1. Article 61(1) of the Enforcement Decree of the Value-Added Tax Act provides that input tax amount related to the taxable business shall be calculated on the basis of actual reversion, but the actual reversion of the input tax amount shall be calculated on the basis of the following formula (hereinafter referred to as “common input tax amount”). Article 61(1) of the same Act provides that input tax amount related to the tax-free business = (Provided, That Article 61(1) of the same Act amended by Presidential Decree No. 10121, Dec. 31, 1980 provides that “the input tax amount related to the tax-free business” is “the tax amount not deducted from the input tax amount.” According to the facts established by the lower court, the remaining portion of the input tax amount is 10/100 of the total input tax amount for the remaining portion of the input tax amount for the period of 10/100 of the total input tax amount for the period of 10/100 of the total input tax amount for the period of 20/100 of the remaining portion of the input tax-free goods.

2. However, Article 17 (3) of the Value-Added Tax Act provides that where the supply of goods manufactured or processed with agricultural products, livestock products, fishery products or forest products supplied with value-added tax exemption as their raw materials is levied, an amount calculated under the conditions as prescribed by the Presidential Decree may be deducted as the input tax amount. Accordingly, Article 62 (1) of the Enforcement Decree of the same Act provides that the amount eligible for deduction as the input tax amount under Article 17 (3) of the Act shall be the amount calculated by multiplying the value of the supplied agricultural products, livestock products, fishery products or forestry products by the rate as determined by the Ordinance of the Ministry of Finance and Economy, by the value of the supplied goods by type of business, and by the total input tax amount under Article 17 (1) of the same Act. Paragraph (2) of the same Article provides that the input tax amount shall be calculated as the total input tax amount under Article 60 of the same Act if the business operator uses or consumes such goods or services for other purposes, the input tax amount so deducted shall be applied to the total input tax amount or less than the total input tax amount.

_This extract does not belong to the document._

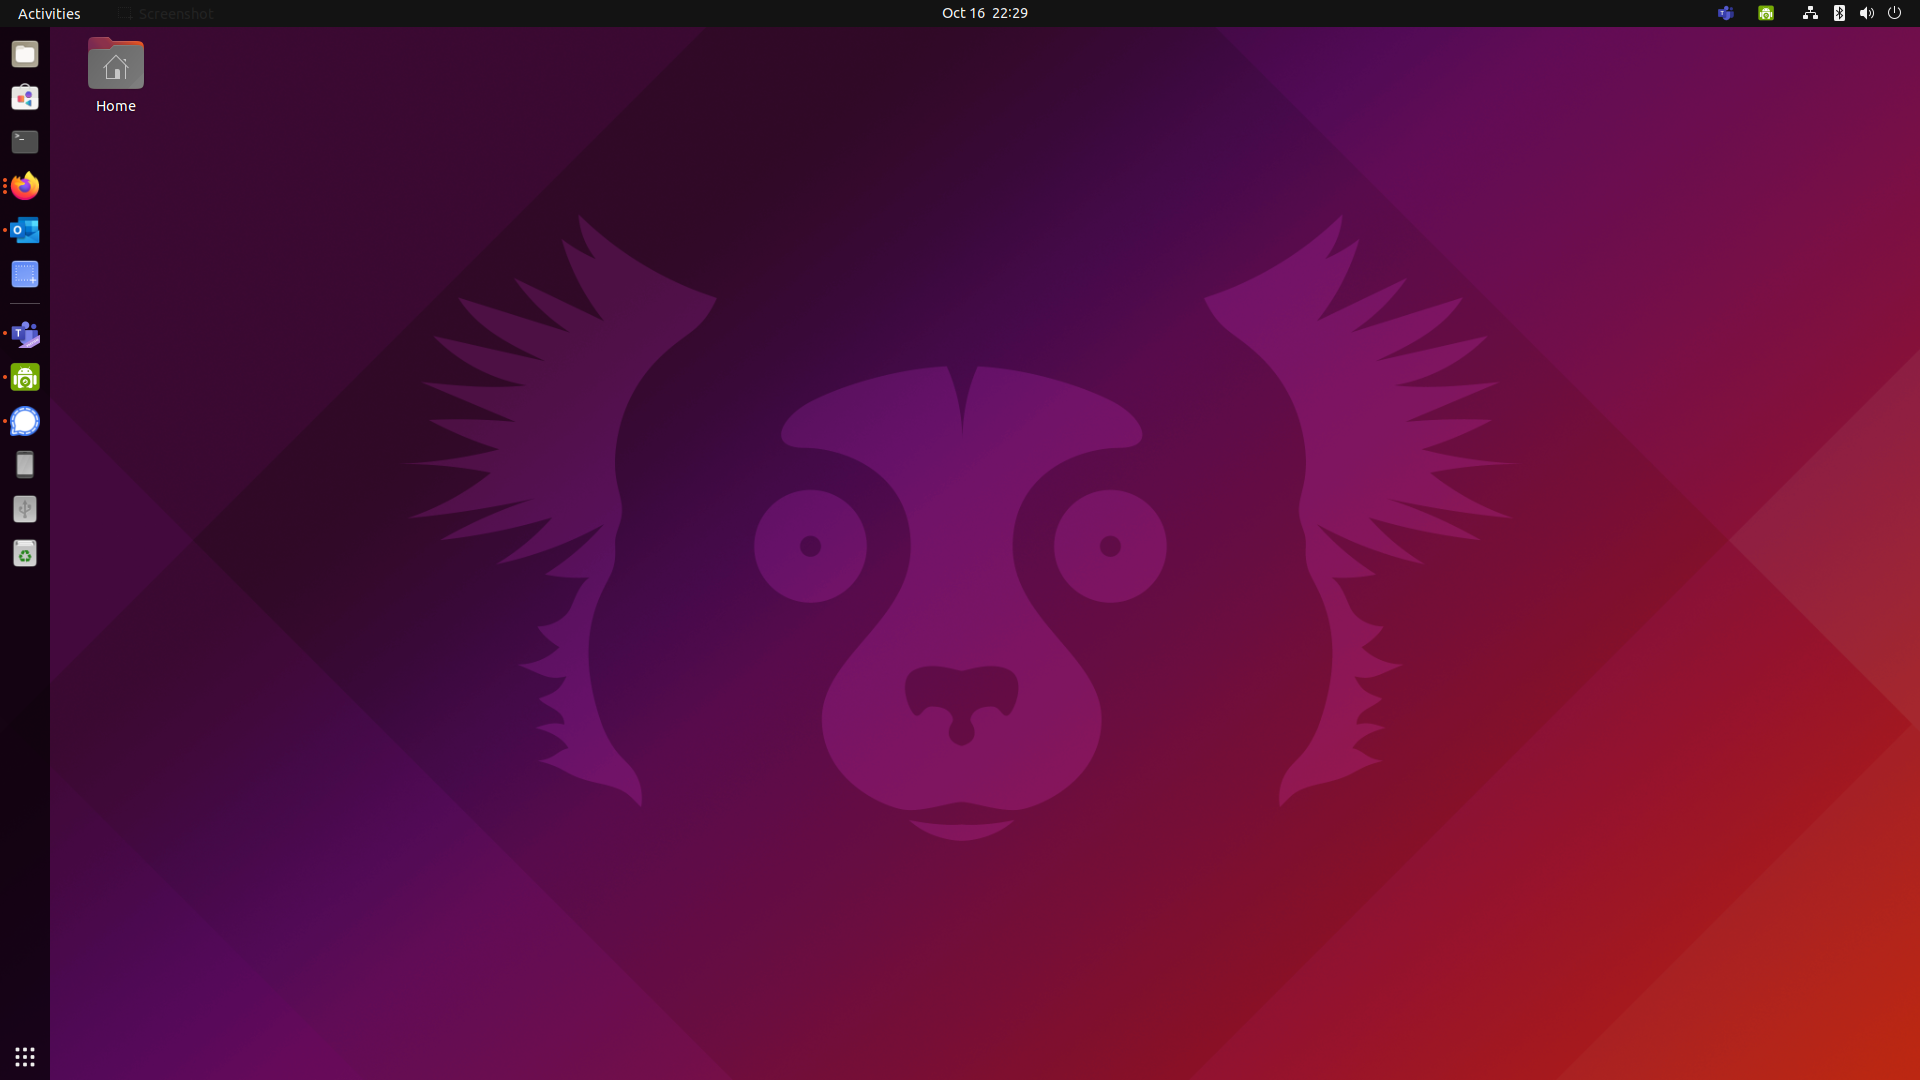 Ubuntu 21.10 Desktop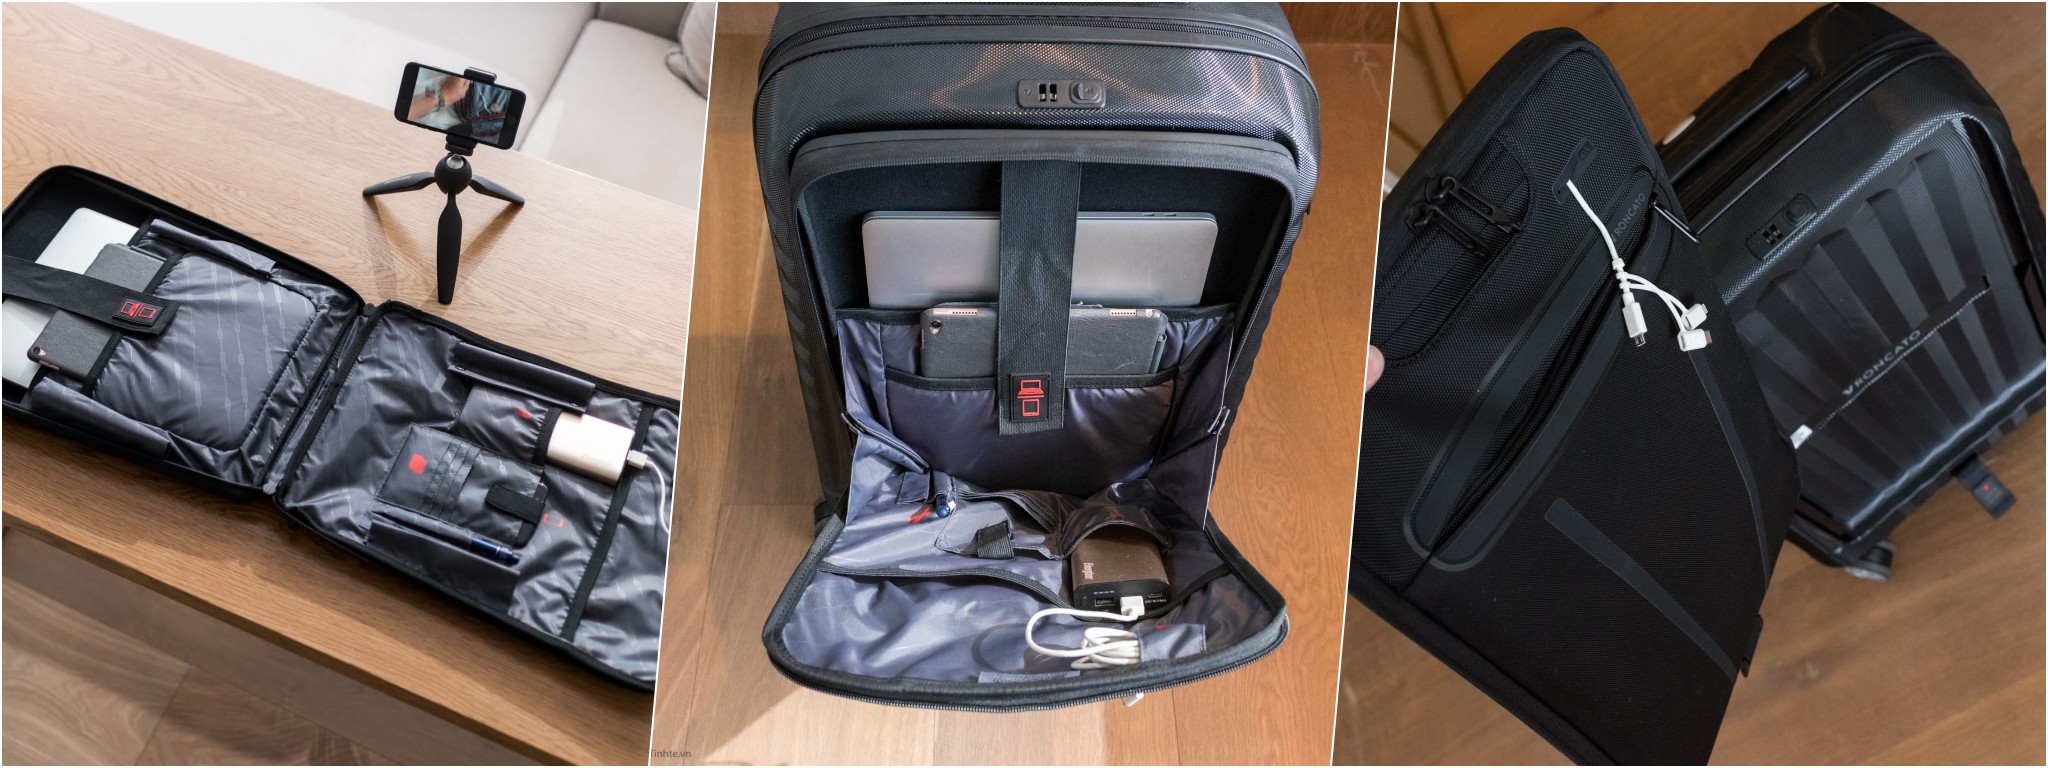 Trên tay vali kéo Roncato: ngăn đựng laptop tháo rời được, Made in Italy

Although the judgment of the court below is inadequate in its explanation of its reasoning, it is just in its conclusion, and there is no error of law by misunderstanding the legal principles of Article 62 (2) of the Enforcement Decree of the above Act, such as the theory of lawsuit.

3. Accordingly, the appeal is dismissed, and the costs of appeal are assessed against the defendant who is the losing party. It is so decided as per Disposition by the assent of all participating judges.